# another museum



## comiso90 (Jun 16, 2009)

thiis was the Florida Air Museum i went to this weekend ... small collection but nice pieces


----------



## GrauGeist (Jun 16, 2009)

Looks like a pretty decent collection...

And how about that wind tunnel model! How cool would that be to have something like that?

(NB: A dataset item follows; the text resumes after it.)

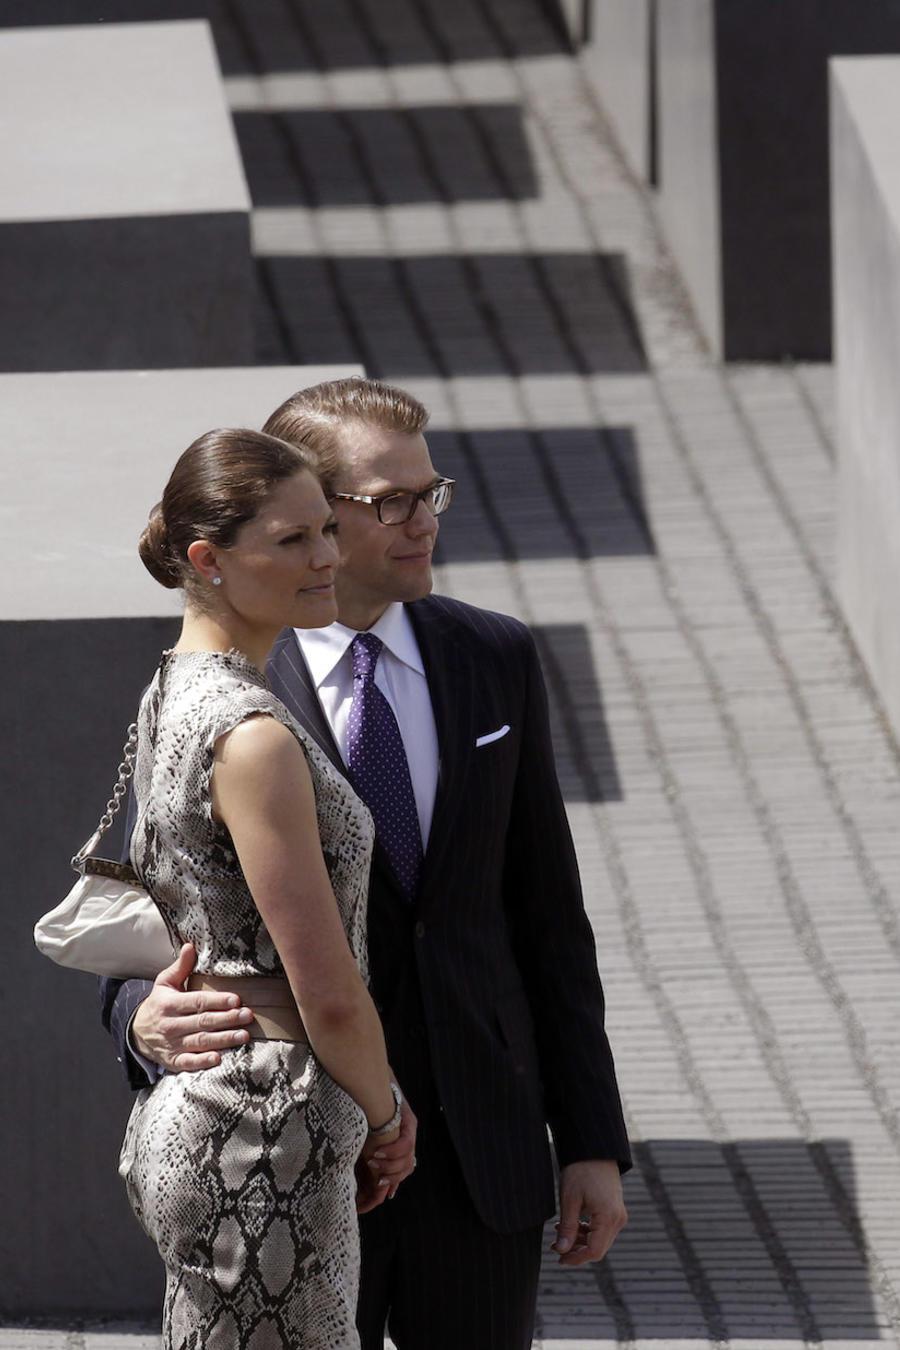 La princesa Victoria, junto a su marido durante una visita a Alemania en 2011.

Great Photos, thanks for sharin' them!


----------



## davparlr (Jun 16, 2009)

comiso90 said:


> thiis was the Florida Air Museum i went to this weekend ... small collection but nice pieces



Wow, where is that museum (Lakeland?). That Convair Sea Dart and the Locheed XFV is worth the visit. I think the Sea Dart should be inside (Pensacola Naval Air Museum would be a great place for it).


----------



## comiso90 (Jun 16, 2009)

Yeah... lakeland.

The wind tunnel model was very cool... I bet HH himself handled it.
The XFV was quite a suprise... I think it's the only one.
I was so use to seeing the Sea Dart at the San Diego museum that I bearly noticed it.. but you are right. It's pretty darn rare!


----------



## Thorlifter (Jun 16, 2009)

Nice photos and a great collection.


----------



## vikingBerserker (Jun 16, 2009)

Excellent pics, thanks!


----------



## Geedee (Jun 17, 2009)

Again, great shots mate.

I wonder if the XVF jockey (Skeets somebody or other ?) had a big 'post-it' note on his panel saying 'Caution, land upright on tail !'


----------



## ToughOmbre (Jun 17, 2009)

Nice pics comiso!

TO


----------



## comiso90 (Jun 17, 2009)

ToughOmbre said:


> Nice pics comiso!
> 
> TO



Thx I was going to PM you to make sure you saw this post.. the 2 museums are 20 min from each other...
If you are going to FF, you may as well catch this one too...

.


----------



## ToughOmbre (Jun 17, 2009)

comiso90 said:


> Thx I was going to PM you to make sure you saw this post.. the 2 museums are 20 min from each other...
> If you are going to FF, you may as well catch this one too...
> 
> .



Thanks comiso! 

TO


----------



## Gnomey (Jun 17, 2009)

Nice pics!


----------



## wheelsup_cavu (Jun 19, 2009)

I haven't seen a Sea Dart except in some old videos so it jumped out at me too.


Wheelsup


----------



## comiso90 (Jun 22, 2009)

wheelsup_cavu said:


> I haven't seen a Sea Dart except in some old videos so it jumped out at me too.
> 
> 
> Wheelsup












You should check out the San Diego museum. Theirs a sea Dart on static there. It's a nice little museum. They had a fire a few years back that destroyed some rare birds.

.


----------



## wheelsup_cavu (Jun 22, 2009)

Thanks for the heads up on the museum. 


Wheels


----------



## Aaron Brooks Wolters (Jun 22, 2009)

Cool stuff comiso. Thank you for sharing.


----------



## comiso90 (Jun 22, 2009)

wheelsup_cavu said:


> Thanks for the heads up on the museum.
> 
> 
> Wheels



Shoot, you're only 2 hours away..

while you're there take in the USS Midway
USS Midway Aircraft Carrier | San Diego Museum | San Diego Tours

and the El Toro Marine base museum
Flying Leatherneck Aviation Museum and Historical Foundation

.


----------



## wheelsup_cavu (Jun 23, 2009)

comiso90 said:


> Shoot, you're only 2 hours away..
> 
> while you're there take in the USS Midway
> USS Midway Aircraft Carrier | San Diego Museum | San Diego Tours
> ...


Looks like I am going to be spending a couple of weekend at my Aunts this summer. 
She lives in Carlsbad which is much closer. 


Wheels


----------



## comiso90 (Jun 23, 2009)

wheelsup_cavu said:


> Looks like I am going to be spending a couple of weekend at my Aunts this summer.
> She lives in Carlsbad which is much closer.
> 
> 
> Wheels



Awesome.. if you have to choose one make it the Midway! They have a very nice looking Dauntless.

.


----------



## comiso90 (Nov 24, 2009)

Going here tomorrow too... any requests?

.


----------



## Micdrow (Nov 25, 2009)

Sweet stuff, many thanks for sharing


----------